When you hear that horses are ‘under the lights’ it means that the owner or trainer is attempting to keep a coat short. I was first introduced to this when I worked in a Quarter Horse show barn. Horses were kept under bright lights 20 hours out of the day, and it usually worked. As with everything in nature, you have exceptions.
Anyways, back to my obsession.
Like I was saying, I like to blanket around the first frost and will start with just a basic, waterproof sheet at night. If the weather is going to be wet then I’ll blanket around 40 degrees.
Horses are designed to live out in the weather, and over blanketing can cause problems too. Their winter hair wicks away moisture from the skin, which is why sometimes you see horses after a snowstorm covered in unmelted snow. They really are that insulated. Overblanketing can cause them to sweat under the blanket and that will chill them, since sweat starts at the skin. If your horse is sweating under their blanket, my advice is to take the blanket off, throw a cooler up until temp is regulated and re-blanket with a lighter layer. Clipped horses should be blanketed up, furry horses blanketed down (if at all).

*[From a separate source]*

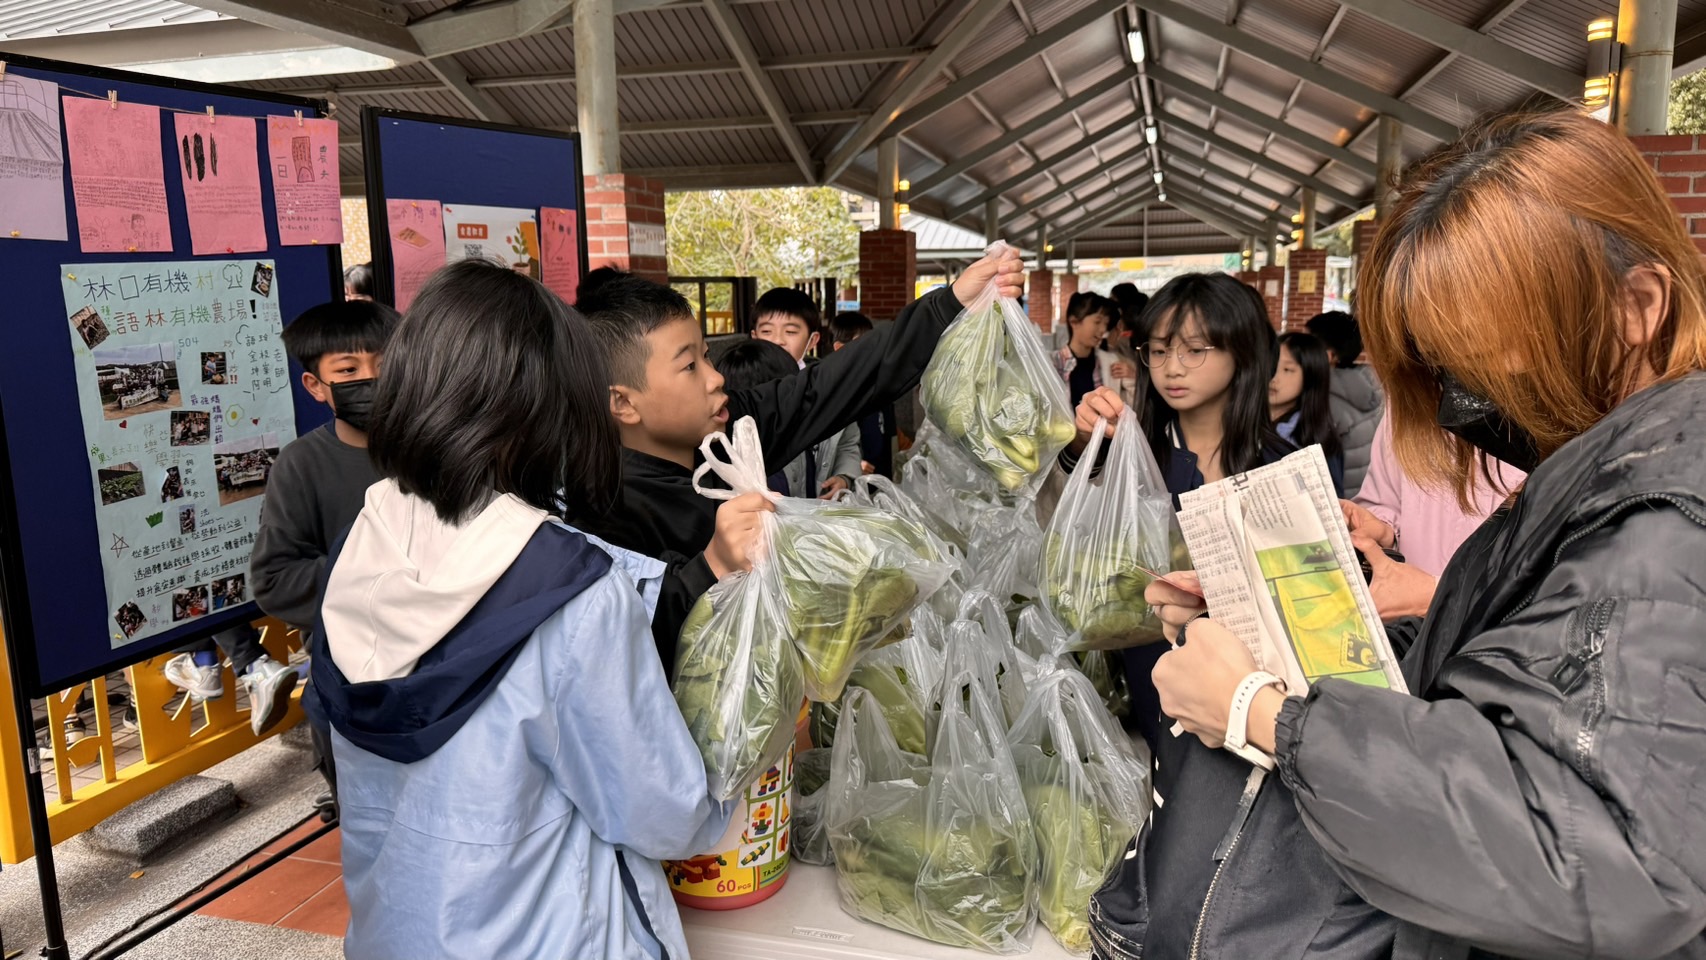 新林國小5年級學生利用放學期間進行義賣活動，所得將捐助給轄區內社福機構

When the weather is consistently under 30 degrees during the day and night, I break out the heavy weight. I’ll layer the water proof sheet (or sometimes a fleece) underneath if it’s supposed to be a really chilly night or a windy day.
Our horses come inside at night when it starts to get chilly, but until then I prefer that Willow lives outside 24/7.
The most important thing about a blanket is finding one that has the right fit. Put it on and adjust it properly, then watch how your horse moves in it. The most common problem is shoulder/wither rubs which can be easily sorted out by loosening the chest buckles or adding a sleezy underneath. I also like the little fleecey wither protection. Make sure that your belly bands are crossed underneath and not hanging to loosely (I like them just barely touching the horse’s belly) and your leg straps are crossed in the back. This prevents them from getting a foot caught (although in my experience the blanket usually rips/tears before a lot of harm can be done, but better safe than sorry!).
Babies are the hardest, because they tend to grow so unevenly and it’s not like they have fitting rooms at the tack store. I like to stay away from cut-away necks and buy the blanket in the next size up (measure from the middle of the chest to the longest point of the haunch), so you aren’t replacing them right away (unless, of course, they tear them off each others bodies.). I also shy away from velcro chest pieces, as they tend to lose stickyness after a while.
Finally, always be careful the first time you huck that blanket up and over (I’m so short, and Willow is so tall that it’s quite the process). Do it slowly. I usually do up chest straps, belly straps, then leg straps but I don’t think that there is a fool proof way of making sure all hell doesn’t break loose if darling horse throws a fit while you’re doing up straps. Adjust one strap at a time (unless you have a fatty like Willow… neither of her belly straps were long enough) and don’t ever hang out underneath them to adjust a strap that already done up.
Also, make sure your layers color co-ordinate. Obviously.